Former Secretary of State and presidential adviser Henry Kissinger is defending controversial remarks he made about Jews in the Soviet Union, saying they have been taken out of context.
The comments were recorded in the Oval Office on March 1, 1973, during a meeting between President Richard Nixon and Kissinger, who was then Nixon’s national security adviser.
“Let’s face it: The emigration of Jews from the Soviet Union is not an objective of American foreign policy,” Kissinger told Nixon. “And if they put Jews into gas chambers in the Soviet Union, it is not an American concern. It may be a humanitarian concern.”
In a recent Washington Post column, Michael Gerson called Kissinger’s statement “appalling,” pointing out that a number of his Jewish relatives were killed in the Holocaust.
Kissinger responded in a Dec. 26 Post Op-Ed piece
in which he acknowledges that “references to gas chambers have no place in political discourse, and I am sorry I made that remark 37 years ago.”
But he also states: “For someone who lost in the Holocaust many members of my immediate family and a large proportion of those with whom I grew up, it is hurtful to see an out-of-context remark being taken so contrary to its intentions and to my convictions.”
According to Kissinger, Gerson suggests that Kissinger and other foreign policy “realists” were “willing to sacrifice Jewish emigration on the altar of détente. The opposite is true.
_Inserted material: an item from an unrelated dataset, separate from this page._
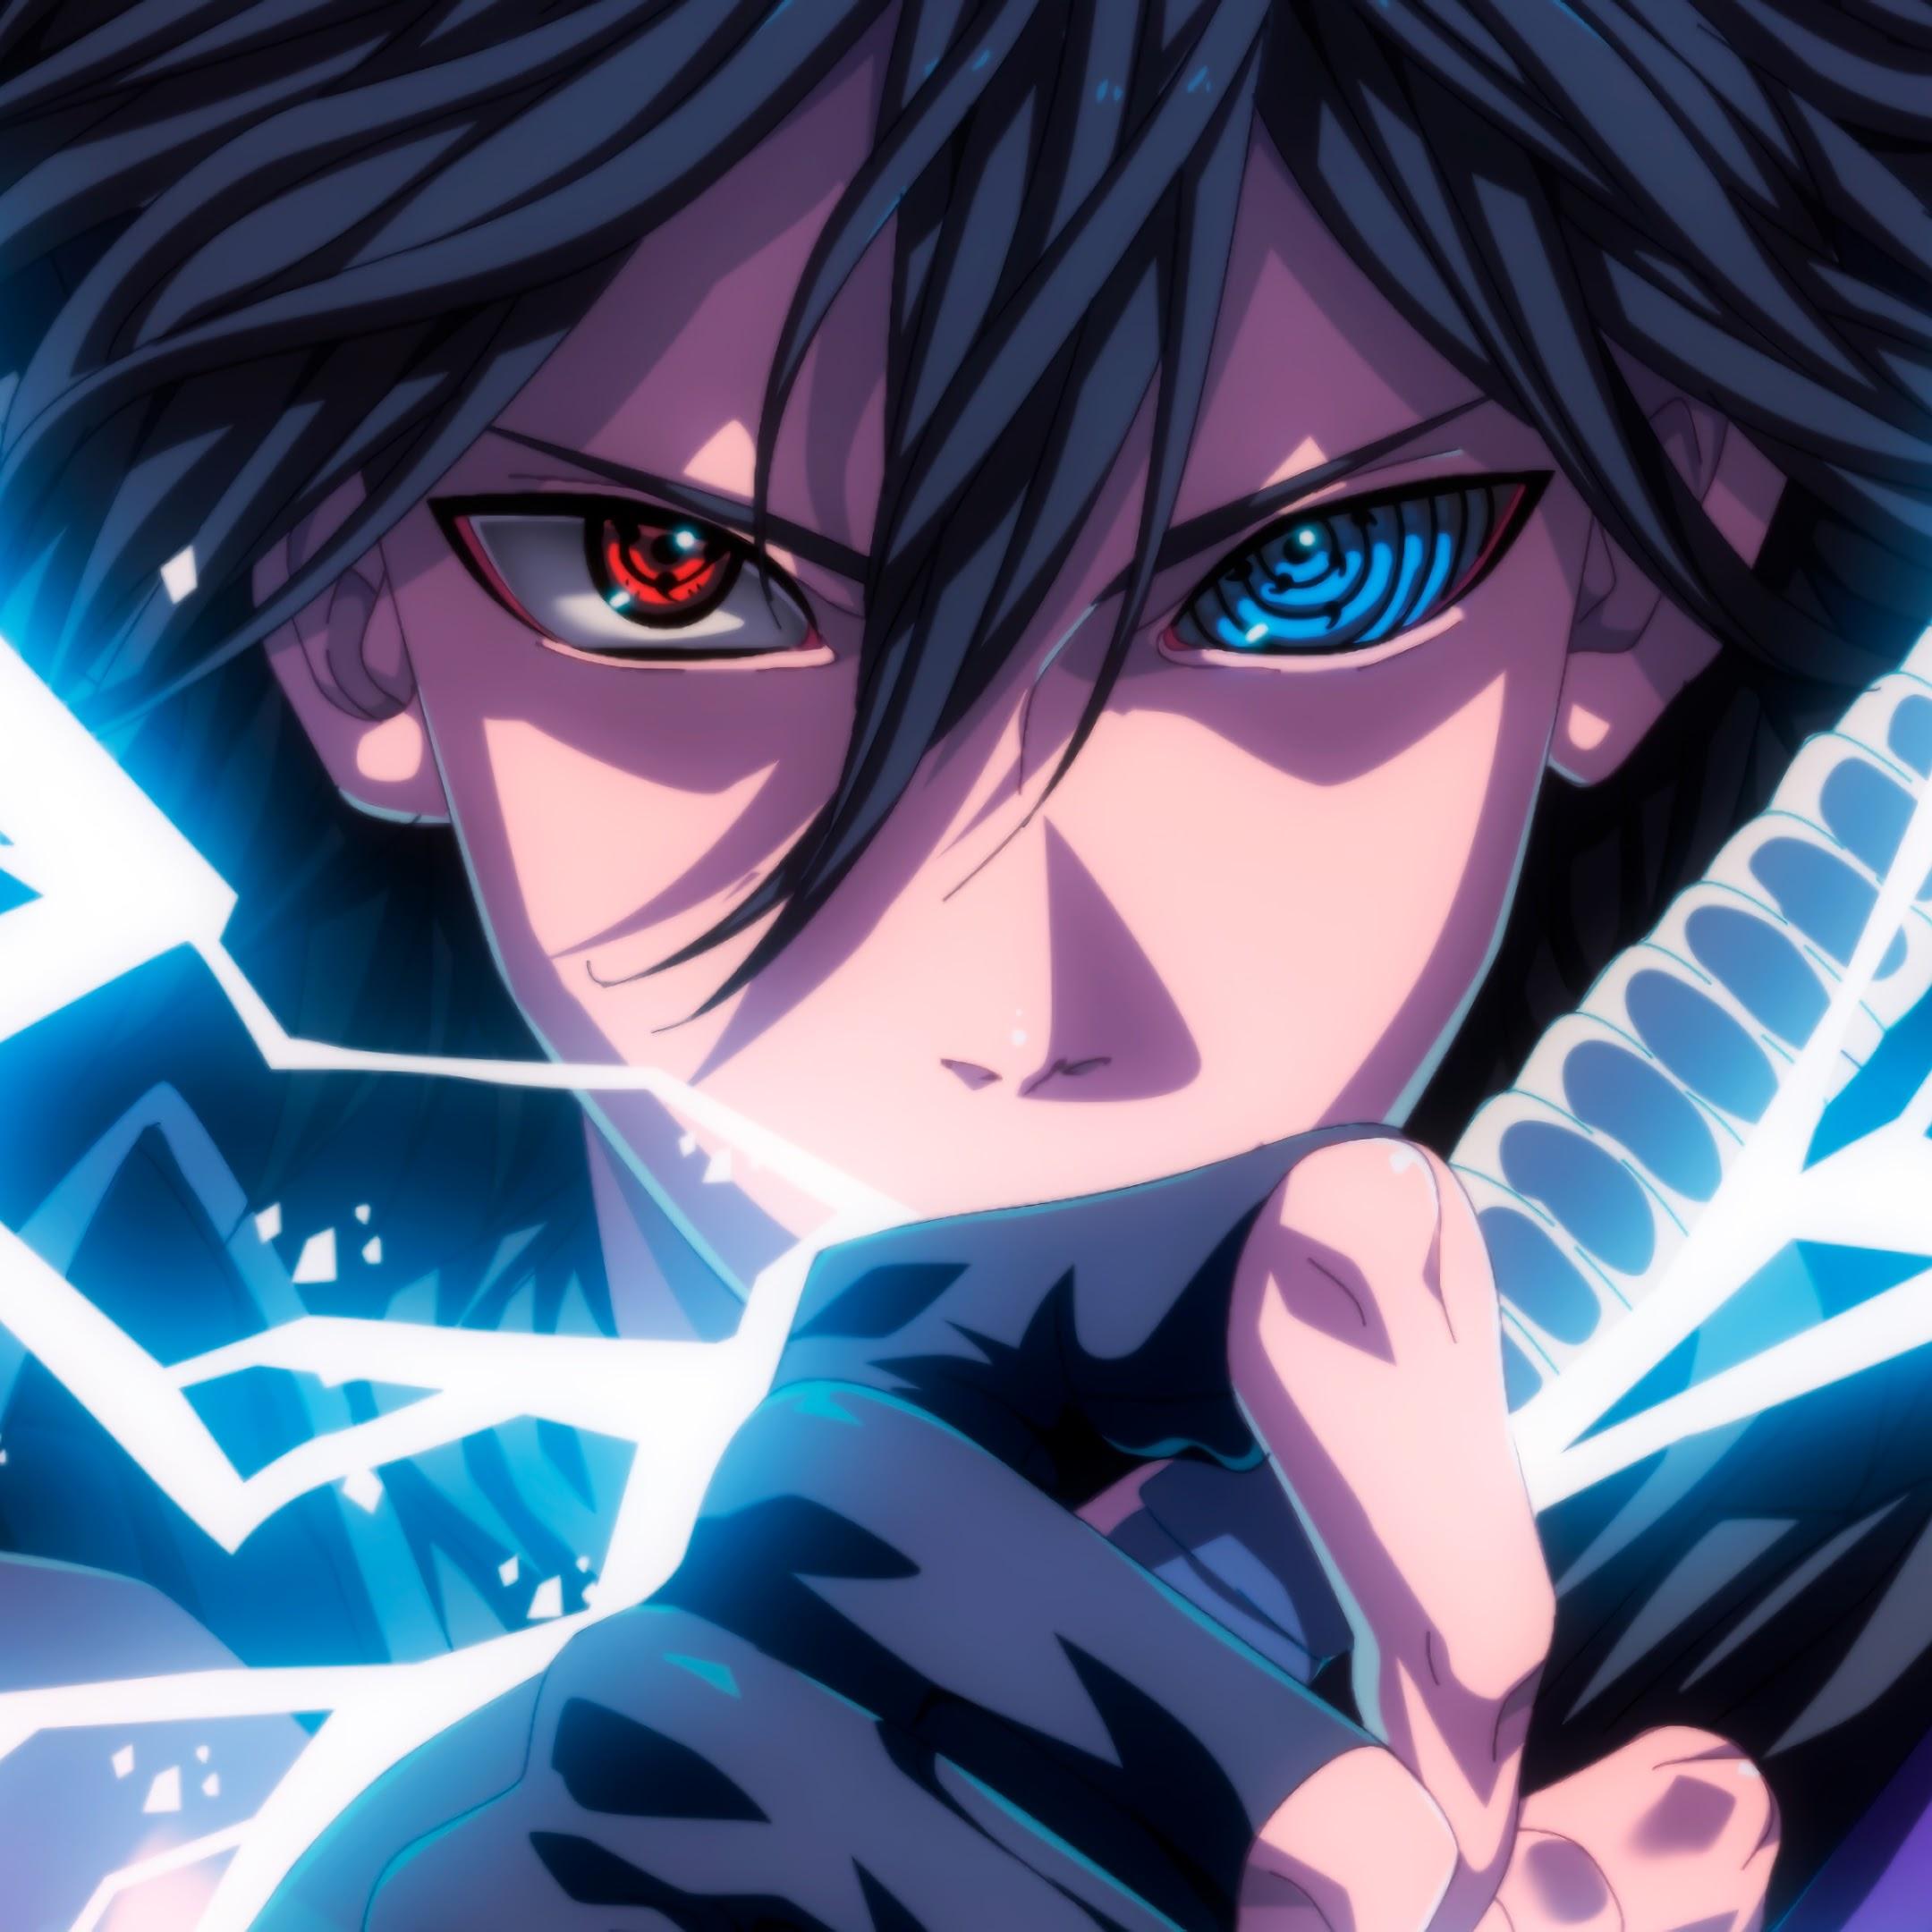 Sasuke, Sharingan, Rinnegan, Eyes, Lightning, 4K, #33

That emigration existed at all was due to the actions of ‘realists’ in the White House.”
Kissinger points out that, before his conversation with Nixon, Jewish emigration from the Soviet Union had risen from 700 a year in 1969 to almost 40,000 in 1972.
He also asserts that he and Nixon sought to preserve the emigration issue in “its humanitarian framework” rather than for “political purpose.”
Kissinger further maintains that a confrontation with the Soviet Union over Jewish emigration at that point would have increased tensions with the Soviets.
At the time, following Egypt’s eviction of Soviet advisers, “an effective global strategy was in place with the opening of China, a broad dialogue with the Soviet Union, and major progress in Egypt and on emigration,” Kissinger concludes in his Op-Ed article.
“It was to preserve that policy that the conversation in the Oval Office took place, and it is in that context that it must be viewed.”